This server has too many xDS streams open, please try another

Hi,

I get the following error, when launching multiple Consul Connect enabled jobs:

2022-12-10T12:43:14.877+0100 [ERROR] agent.envoy: Error handling ADS delta stream: xdsVersion=v3 error="rpc error: code = ResourceExhausted desc = this server has too many xDS streams open, please try another"

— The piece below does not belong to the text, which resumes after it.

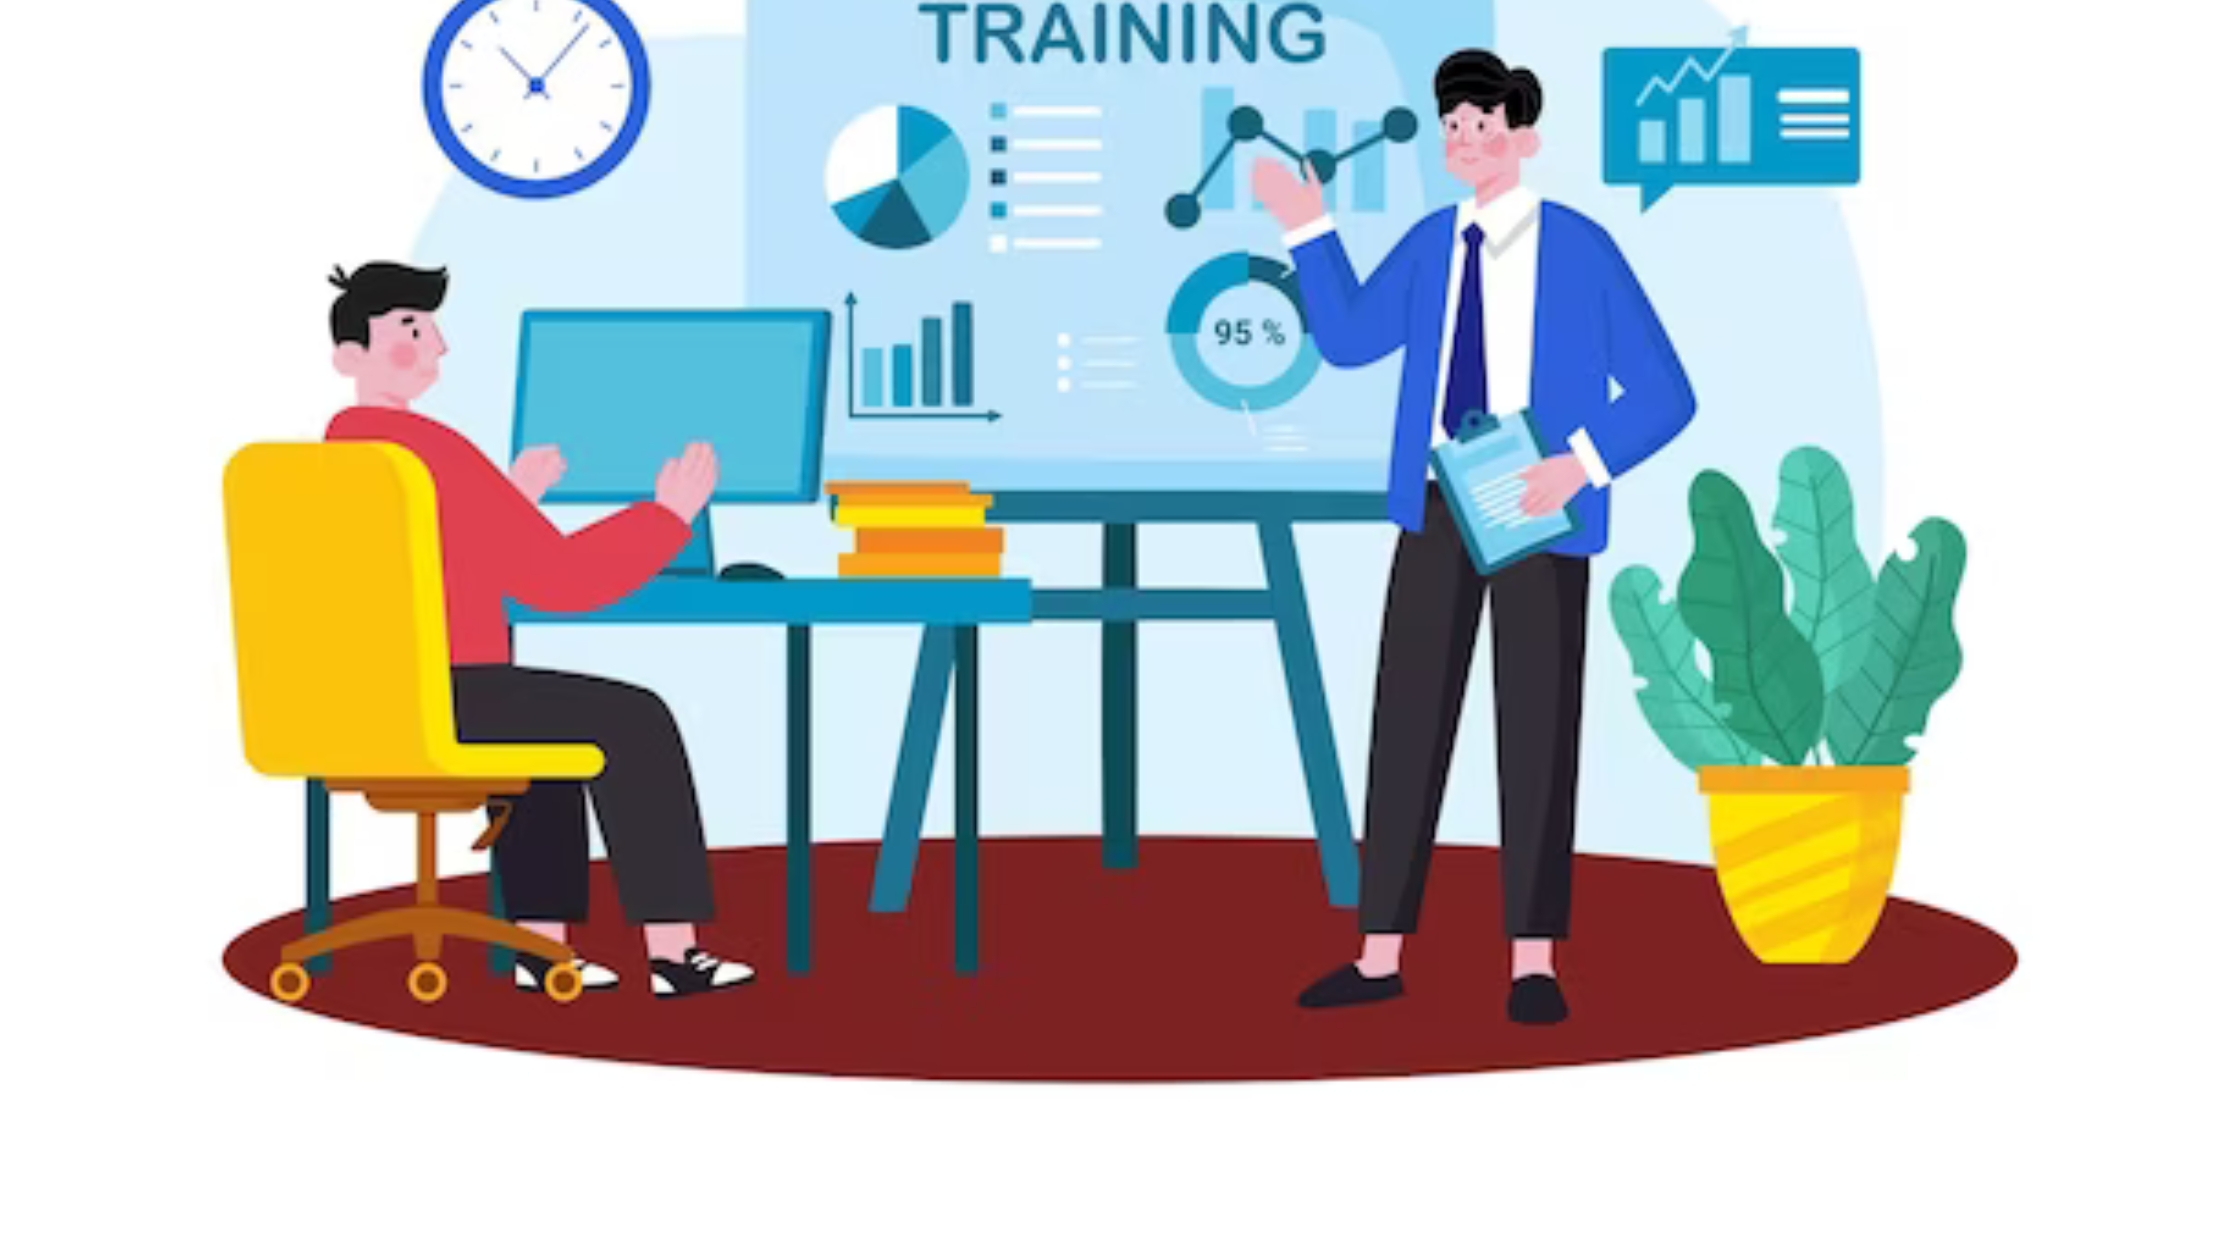 web based training management software
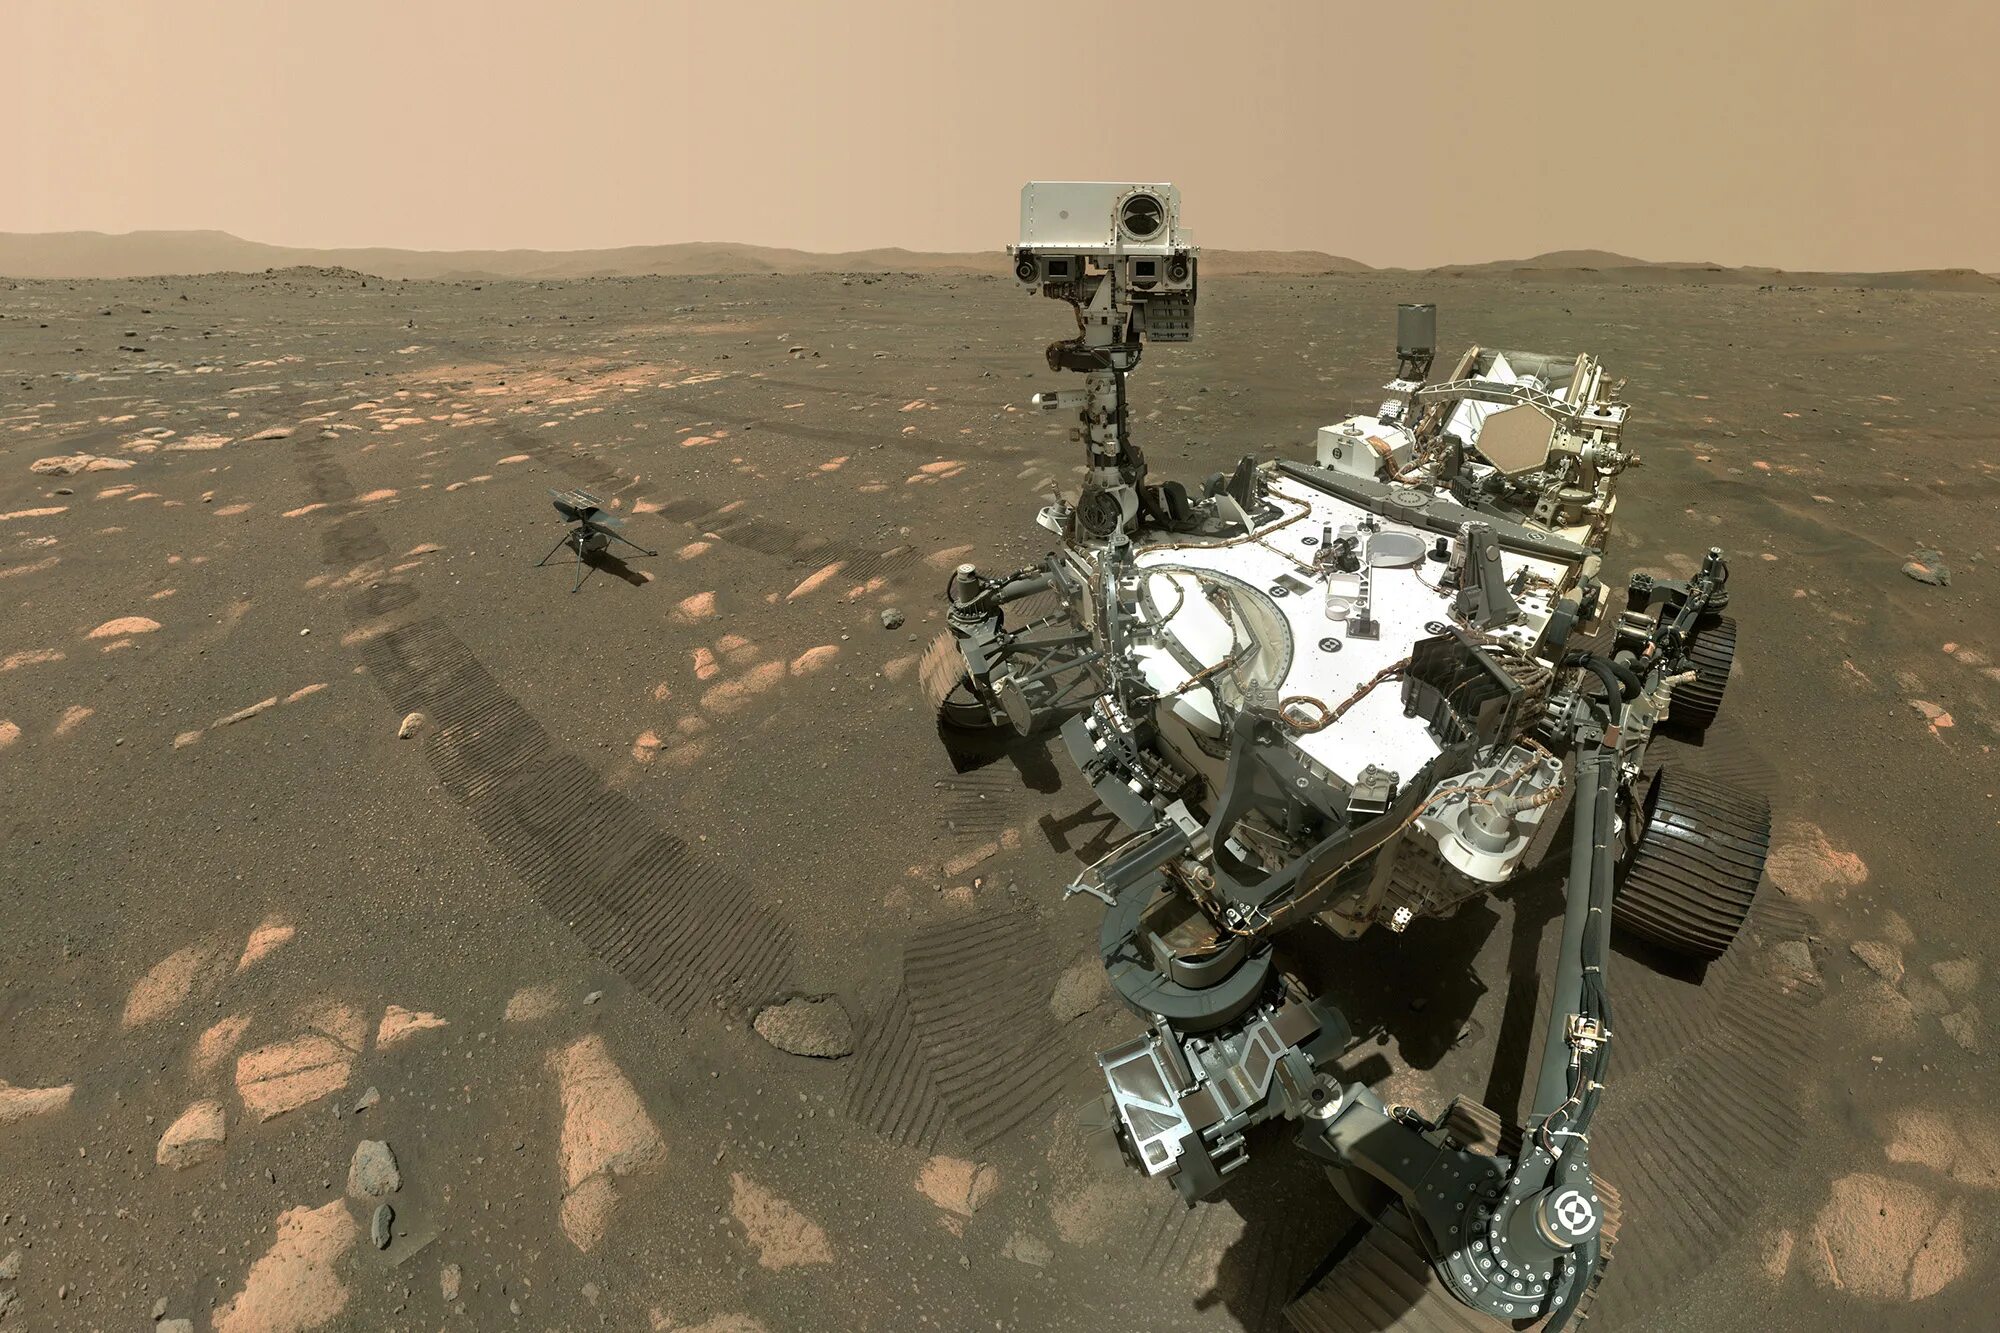 Марсианский зонд. Марсоход 2020 perseverance. Марсоход Mars 2020 Rover. Снимки Марса НАСА 2021. Снимки планеты Марс с марсохода.

I looked at the consul code and understood, that this error happens, when too many proxies connect to a single consul server via gRPC. Ideally, the envoy proxies should distribute their requests among consul servers. But Envoy proxies started by nomad communicate via a Unix Socket with the nomad client, which forwards the gRPC requests to a consul server. But in my case it is always the local consul server.
So my question is: Why doesn’t the nomad client distribute the requests among the consul server and only forwards the gRPC request du the local consul server?
Or did I understand the code incorrectly and this error originates from somewhere else?

My Setup

Machine A: Consul Server/Client, Nomad Server/Client
Machine B: Consul Server/Client, Nomad Server/Client
Machine C: Consul Client, Nomad Server/Client
Machine D: Consul Client, Nomad Client

This error happens on Machine B and it also happens with a three node consul cluster.

Consul Config A/B:

server = true
bootstrap_expect = 2
ui_config {
  enabled = true
}

client_addr = "127.0.0.1 10.9.0.2"
bind_addr = "10.9.0.2"
advertise_addr = "10.9.0.2"

datacenter = "dc1"
data_dir = "/opt/consul"
encrypt = "....."
tls {
  defaults {
    ca_file = "/etc/consul.d/consul-agent-ca.pem"
    cert_file = "/etc/consul.d/dc1-server-consul.pem"
    key_file = "/etc/consul.d/dc1-server-consul-key.pem"
    verify_incoming = true
    verify_outgoing = true
  }
  internal_rpc {
    verify_server_hostname = true
  }
}
auto_encrypt {
  allow_tls = true
}

acl = {
  enabled = true
  default_policy = "deny"
  enable_token_persistence = true
  tokens {
    agent = "...."
    default = "...."
  }
}

performance {
  raft_multiplier = 1
}

ports {
  https = 8501
  grpc = 8502
  grpc_tls = 8503
}

connect {
  enabled = true
}

retry_join = ["10.9.0.1", "10.9.0.2"]

Nomad Config A/B/C:

data_dir = "/opt/nomad/data"

advertise {
  http = "10.9.0.2"
  rpc  = "10.9.0.2"
  serf = "10.9.0.2"
}

server {
  # license_path is required as of Nomad v1.1.1+
  #license_path = "/etc/nomad.d/nomad.hcl"
  enabled = true
  bootstrap_expect = 3
}

client {
  enabled = true
  network_interface = "wg0"

  min_dynamic_port = 26000
  max_dynamic_port = 32000
}

consul {
  address   = "127.0.0.1:8501"
  grpc_address = "127.0.0.1:8502"
  token     = "...."
  ssl       = true
  ca_file   = "/etc/nomad.d/consul-agent-ca.pem"
  cert_file = "/etc/nomad.d/dc1-server-consul.pem"
  key_file  = "/etc/nomad.d/dc1-server-consul-key.pem"
  auto_advertise      = true
  server_auto_join    = true
  client_auto_join    = true
}

acl {
  enabled = true
}

telemetry {
  prometheus_metrics         = true
  publish_allocation_metrics = true
  publish_node_metrics       = true
}

vault {
  enabled = true
  address = "http://vault.service.consul:8200"
  task_token_ttl = "1h"
  create_from_role = "nomad-cluster"
  token = "...."
  allow_unauthenticated = false
}
1 Like

Hi @Gabscap,

I wonder if the problem you are seeing is related to Consul issue #15753?

Thanks,
jrasell and the Nomad team